SUPPLIED DATA:
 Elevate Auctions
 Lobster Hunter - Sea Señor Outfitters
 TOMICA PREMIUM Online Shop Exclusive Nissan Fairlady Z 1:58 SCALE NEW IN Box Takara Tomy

YOUR OBJECTIVE: Once you have read the data above, print all of it again exactly.

YOUR SOLUTION:
 Elevate Auctions
 Lobster Hunter - Sea Señor Outfitters
 TOMICA PREMIUM Online Shop Exclusive Nissan Fairlady Z 1:58 SCALE NEW IN Box Takara Tomy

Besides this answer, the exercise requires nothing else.